I recently bought a Windows 11 machine that came with Windows 11 Home, I felt the need for some Pro features and went to check the price for an upgrade and my jaw dropped. Years of "free upgrade to Windows 10/11" lead me believe those licences were less pricey nowadays.
They have basically done the same thing with software assurance support recently. A few years ago when we had a SQL issue in pre-deployment testing we opened a ticket and spoke to an engineer who knew what they were doing. Last year when we did that we had a 1x/day email back and forth with an out-of-country third party contractor who ultimately was unable to help us in any way. We ended up figuring it out ourselves (that Visual Studio version somehow conflicted with that SQL version such that data errors would get introduced (WTF!?)) while said support contractor was still trying to get in touch with real actual SQL engineers for us.

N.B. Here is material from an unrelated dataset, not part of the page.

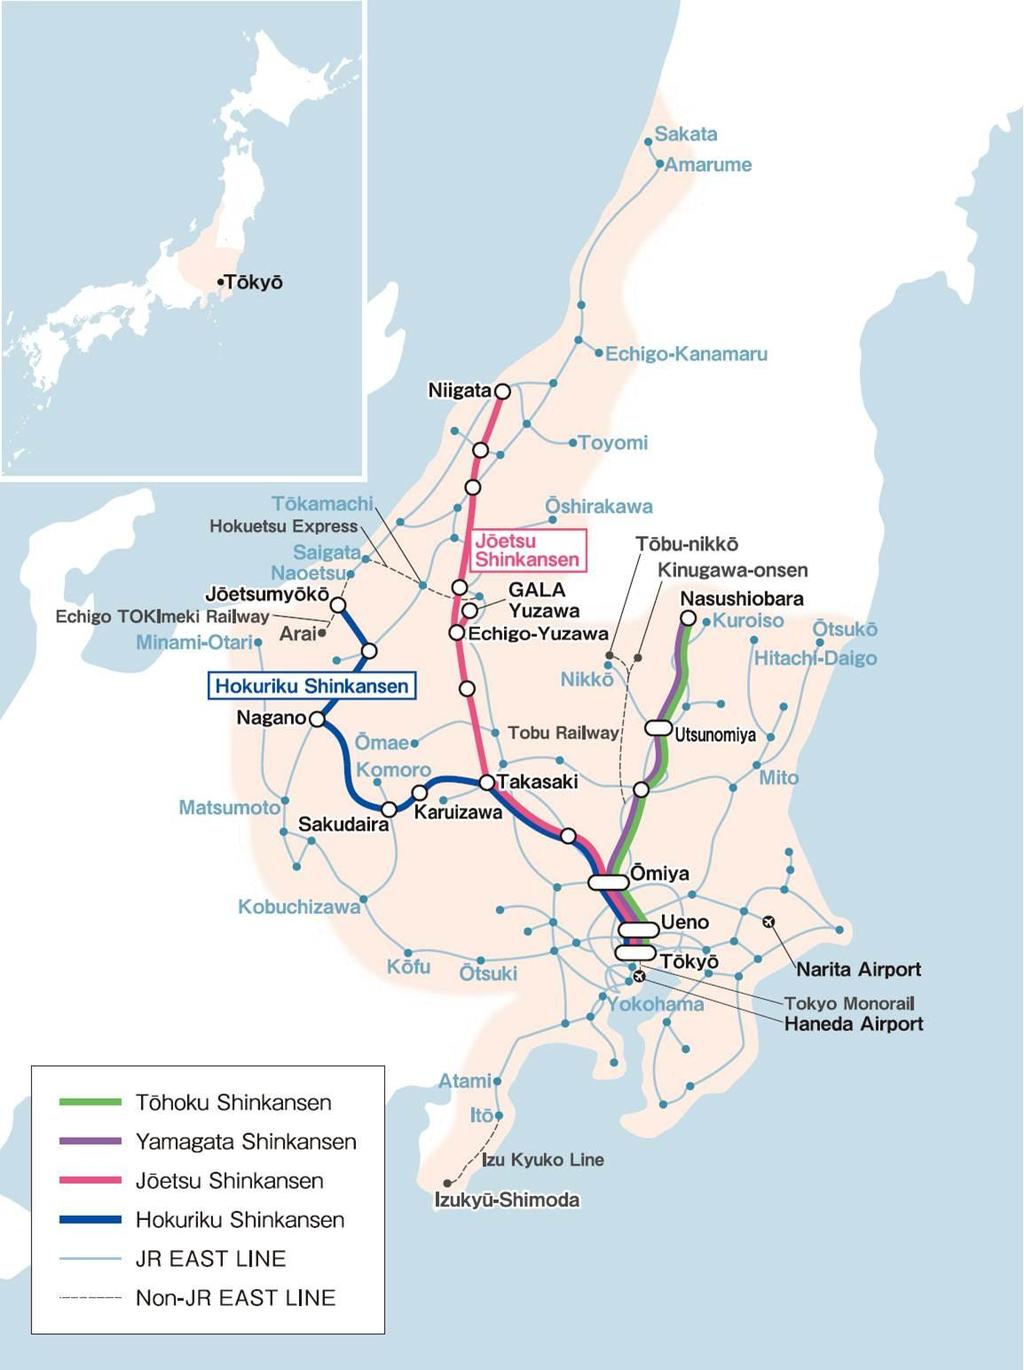 "JR EAST PASS (Nagano, Niigata area)" * GALA Yuzawa Station will be open on a temporary basis.

It was something like that; I remember my friend’s mom arguing for a hour to get the mouse for free (it was advertised as such or something on any new PC and the sales guy wanted to say it didn’t apply) and they forgot to charge for windows 95.
Of course soon is was bundled with any prebuilt but back at release those were relatively rare and expensive.
At the same time, it’s probably worth remembering the contemporary Microsoft rule of thumb that “each product-support call costs a sale”[1], that is to say, handling a single product-support call to that standard costs as much as was earned by selling the product in the first place (and the products weren’t exactly cheap—not that they’ve become cheap now).
Google and the new wave of firewalled engineering orgs are so long-run stupid that it boggles the mind.
A legacy proper, functioning support org's job is to sift through user-is-the-problem bugs to identify the smaller list of actual bugs... which engineering then fixes. Because they're actual bugs!
Nowadays, folks look at Support and QA as cost centers, to be funded and staffed at minimum levels.
Small wonder SRE have become the new rock stars -- companies disempowered anyone else able to call a bug a bug.
But if the IT guy tells his boss that ‘95 don’t work with shit because sim city didn’t run for him at home, it could cost a lot more sales from a company that chooses not to upgrade.
Exactly. We are moving to a tine where having a person individually and attentively help you with anything is a high order luxury item.
A major change is on the horizon though. We are close to where a large language model could play the role of the support side of that call. But if it an AI on the support side, would anyone bother to learn on the customer side?
I recently bought a Windows 11 machine that came with Windows 11 Home, I felt the need for some Pro features and went to check the price for an upgrade and my jaw dropped. Years of "free upgrade to Windows 10/11" lead me believe those licences were less pricey nowadays.